Lenny Rachitsky writes Lenny’s Newsletter: a weekly newsletter about “product, driving growth, and working with humans.”

He has over 200,000 subscribers, including over a thousand paying subscribes.

Lenny publishes on Substack. He recently tweeted how Substack is now driving 10% of his paid subscriber growth — and 72% of his free subscriber growth.

He ends the tweet off with “Network effects in action”.

And understandably so, given how his growth on the platform is creating the flywheel, network effect of growing his newsletter.

His growth is propelling more growth.

So what does this mean for the 99.9% of newsletter publishers who do not have lists this big? Should you switch to Substack to take advantage of their “network effects”? Or if you haven’t launched yet, should you start on Substack?

It seems to be tempting some people:

It comes down to this question: are the network effects on Substack worth the tradeoffs of the platform’s limitations?

Let’s dig in with 4 things you should consider before switching to Substack.

#1 - Substack doesn’t offer automation or sequences

Okay… this isn’t *entirely* true.

Substack provides you with an automated and customizable Welcome Email to your new subscribers. But that’s where the automation ends.

You can’t build email sequences (think launch sequences, email courses, etc). You can’t automate anything.

And that’s because Substack isn’t an email marketing platform. It’s a newsletter media platform.

So if automations or automated email sequences are a part of your newsletter strategy or experience, look elsewhere.

#2 - Substack doesn’t have an open API

Alright, so no automated sequences or any other email marketing automations.

No biggie, I’ll just use Zapier to automate things.

Nope, sorry. No can do.

Substack doesn’t have an open API. Which makes it impossible for tools like Zapier or Make to automate processes & functions — like you can do with other email marketing platforms like ConvertKit or Mailchimp.
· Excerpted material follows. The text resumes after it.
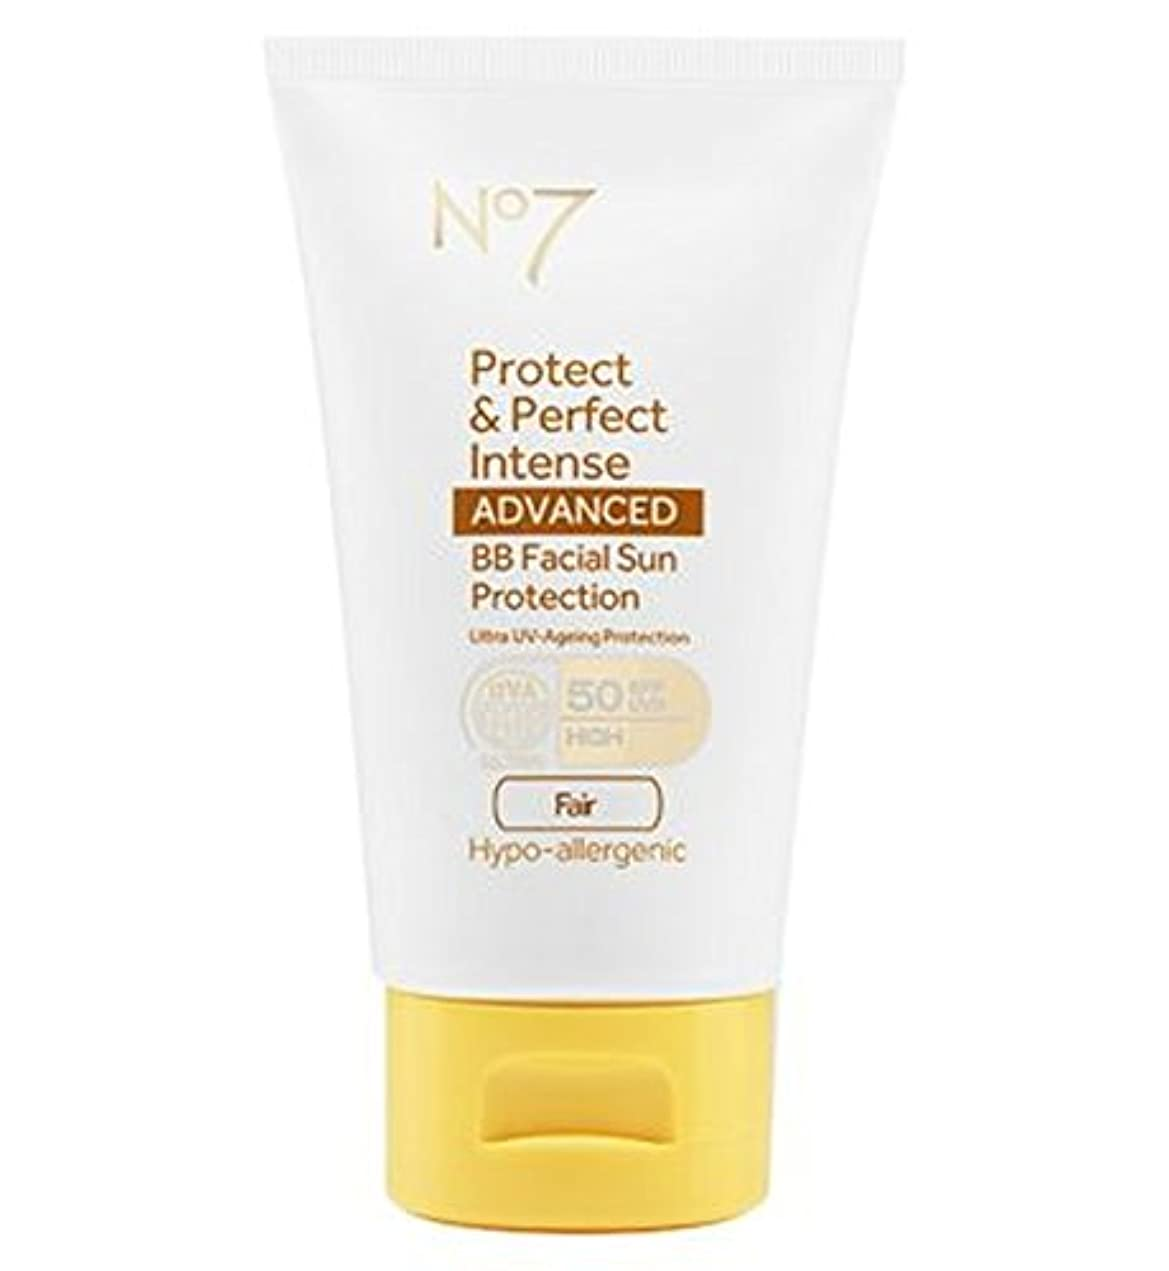 感染する生じるしわNo7 Protect & Perfect Intense ADVANCED BB Facial Sun Protection SPF50 Fair 50ml - No7保護&完璧な強烈な先進Bb顔の日焼け防止Spf50...

So if running these triggers and automations is part of your newsletter strategy, it’s a no for Substack.

#3 - Substack doesn’t offer segmentation

You *probably* wouldn’t be considering Substack for an eCommerce brand newsletter, or any company that’s selling DTC products.

But just in case — consider the importance of segmenting your customers based on where they are in your marketing funnel, their psychographics & demographics, their purchase history and behavior, etc.

Now consider that you can’t do any of that with Substack.

Enough said?

#4 - Substack takes 10% of your subscription revenue

Here’s where the math could get interesting—IF your newsletter model still works despite the previous 3 knocks against Substack.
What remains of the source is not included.